Q Let’s hit this head on: Do you have to be part of a local church to be a Christian?
A It’s complicated.
First I need to distinguish terms – there are two types of churches:
· The universal church – all Christians everywhere and at all times. Every Christians are automatically a part of this.
· The local church is the smaller group of believers meeting and growing together, under the same leadership.
No, you do not have to be part of a local church to be a Christian. But you also don’t have to pray, worship, take communion, be baptized, or grow in godliness.
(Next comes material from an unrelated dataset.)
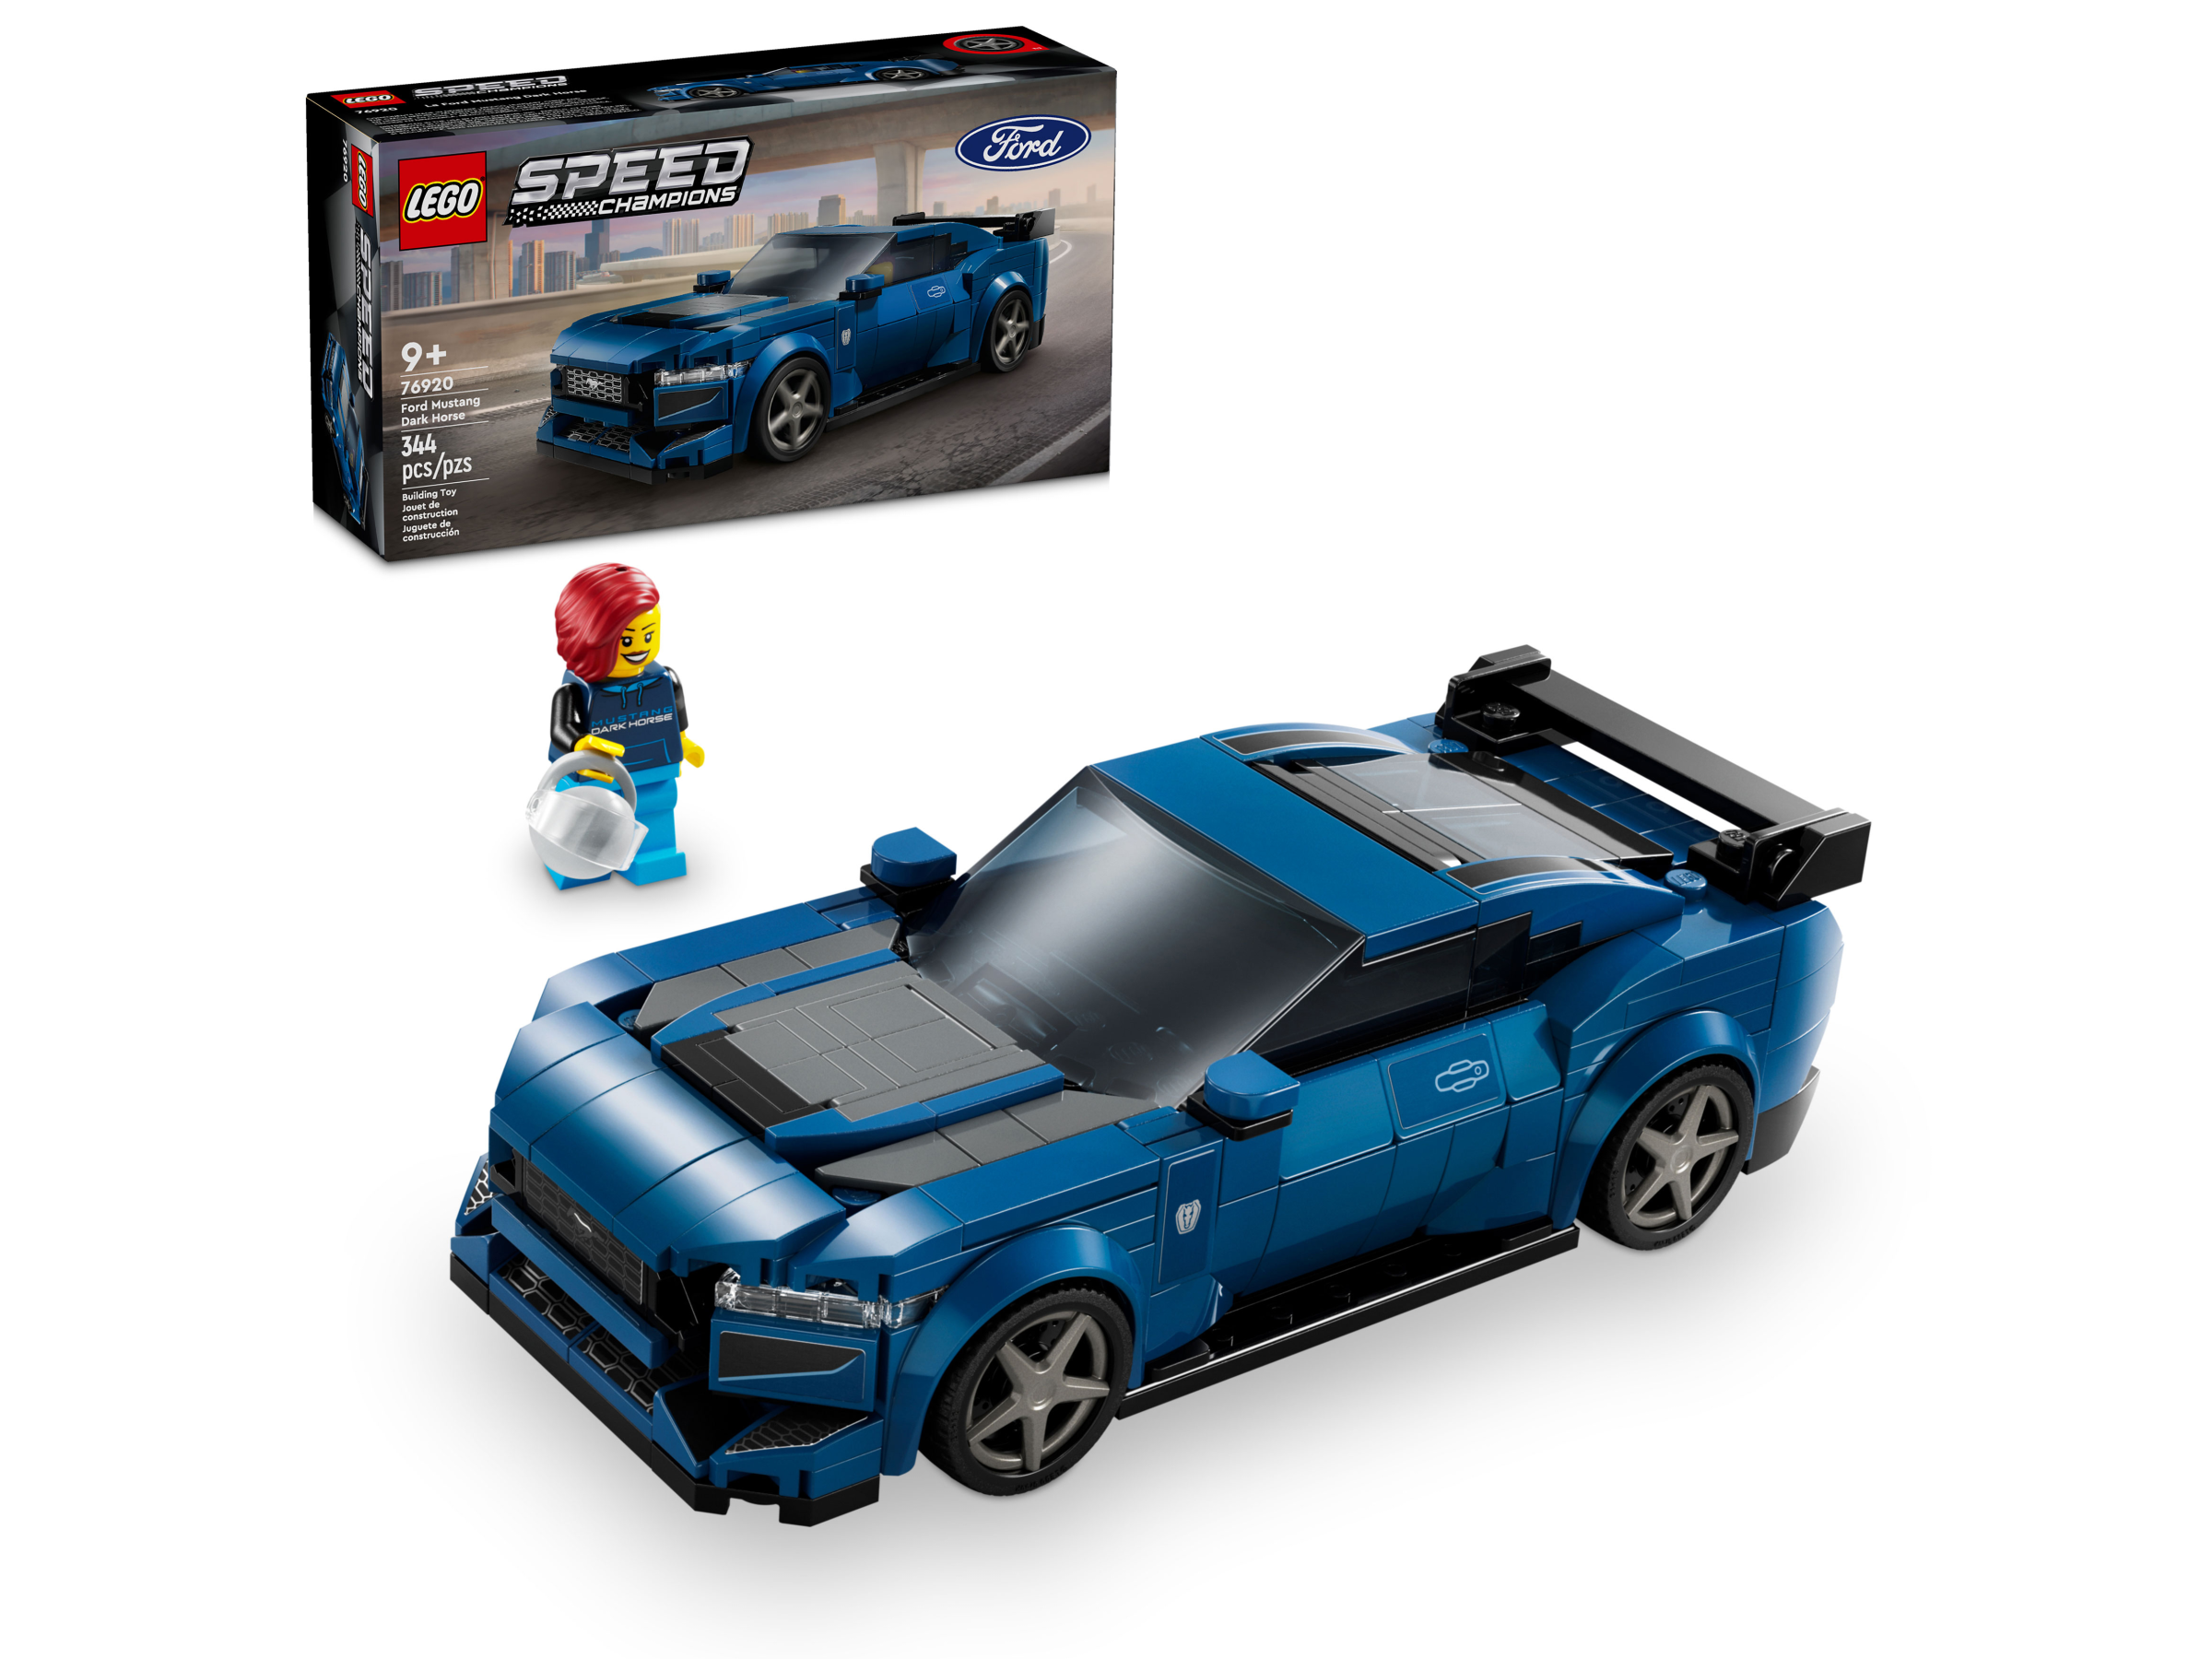 Lego Speed Champions Mustang Dark Horse et Audi S1 E-Tron dévoilés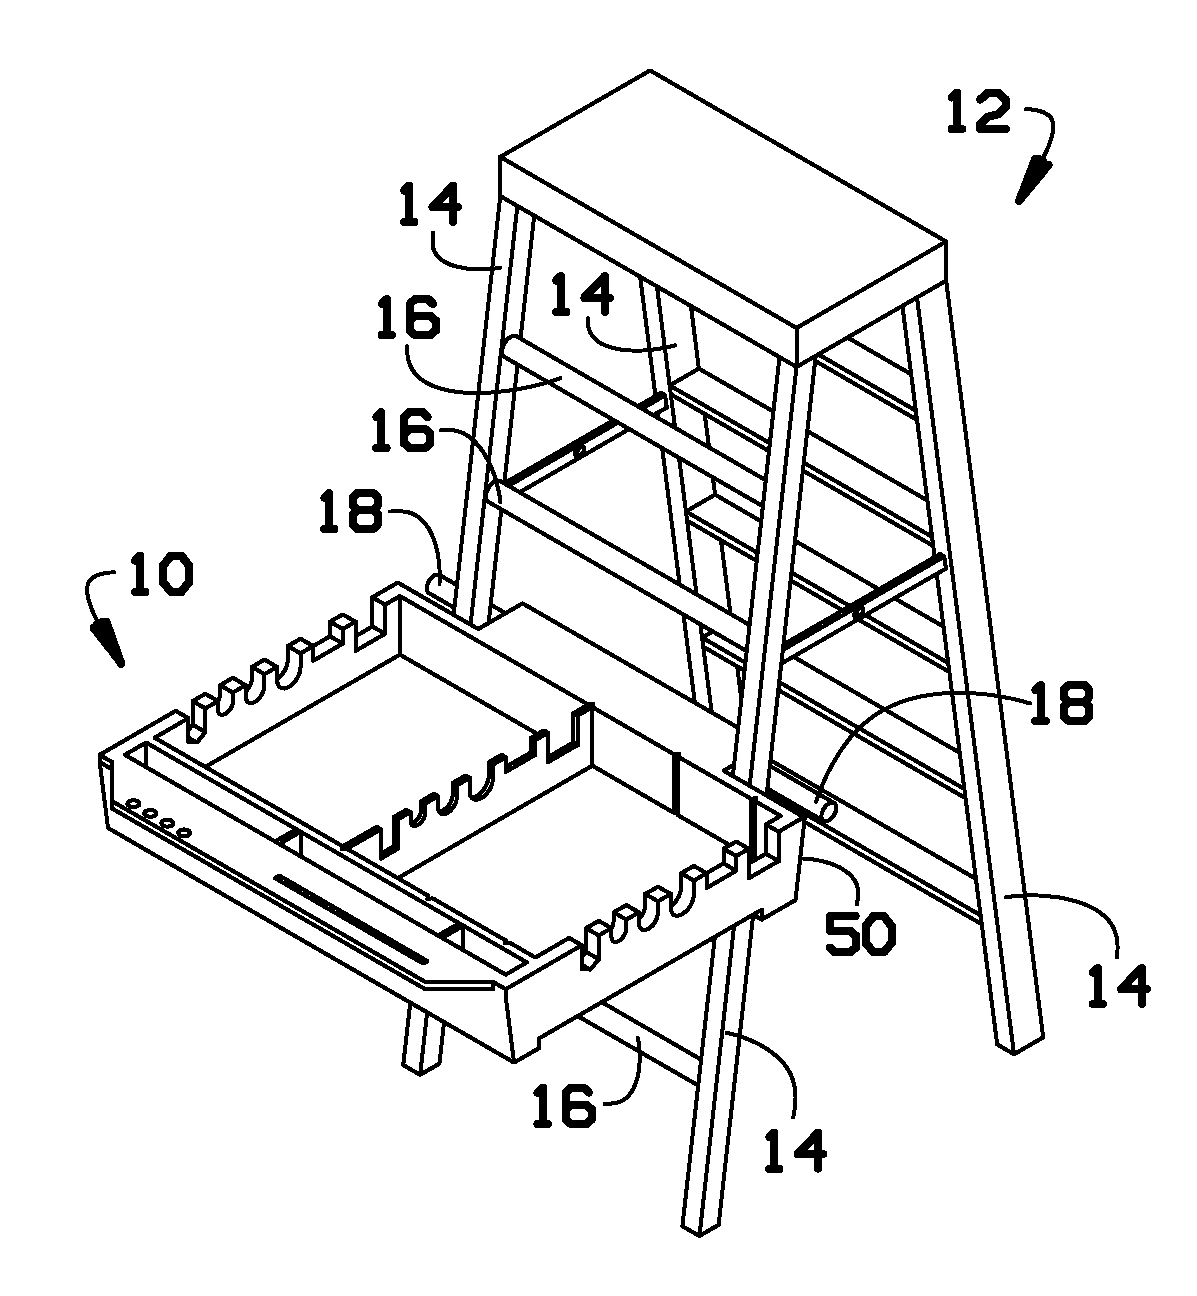 Portable workstation for a ladder

· We are only saved by God’s grace, not anything we do, but if these are lacking, it is questionable if you’ve been changed.
Building the case
I am making a pretty strong statement – being a Christian without being committed (not just attending) a local church is as Biblical as being a Christian who does not pray, worship, or strive in righteousness.
Q Where does it say that in the Bible?
It’s more complicated than finding verses that spell that out – the underlying assumption of the entire NT is that when a person becomes a Christian, they will become part of church. This assumption is so firm that they seldom talk about it.
· We all agree that “don’t murder” is pretty important, but I yet to preach a sermon on it!
It fact, there is only one verse telling people to go to church (though that is enough), because it was so assumed they would! It’s like how there is only one verse telling husbands and wives to have sex – in most situations that wasn’t a problem.
· It’s worth noting that of the 66 books of the Bible, only 4 were written to individuals, the rest written to churches.
Furthermore, we can look at the history of the church.
A short history of the church
I want to take a few minutes to do so, because I want you to see that “Christian without church” didn’t come from the Bible, but from an American sense of individualism and self-sufficiency.
Romans 12:2 2 Do not conform any longer to the pattern of this world, but be transformed by the renewing of your mind. Then you will be able to test and approve what God’s will is-- his good, pleasing and perfect will.
As the Apostles spread the Gospel, they founded a church in every city. Not churches, but a church – the church as Jerusalem, at Ephesus, etc.
These churches met in houses, and frequently got so big they had to meet in several houses, but it was still “the church,” all the believers united together under one leadership (e.g. Jerusalem, Acts 11:22)
· These leaders were called bishops and were over the church in each city or region.
The first bishops were appointed by the Apostles, and then they appointed the next bishop, in order to ensure that that church stayed true to the teachings of Jesus.
These bishops would get together, as the universal church, occasionally to decide theological matters. That is what the “Nicene Council” was, were they created the Nicene Creed.
· But if you were a Christian, you joined the local church.
So far, so good. Even in the face of great persecution, the church is growing rapidly. In 313 Emperor Constantine ends persecution and later becomes a Christian.
Instantly the church gained prosperity, prestige, and political power. Good thing, right? No, very bad thing. It was kind of like they won the lottery.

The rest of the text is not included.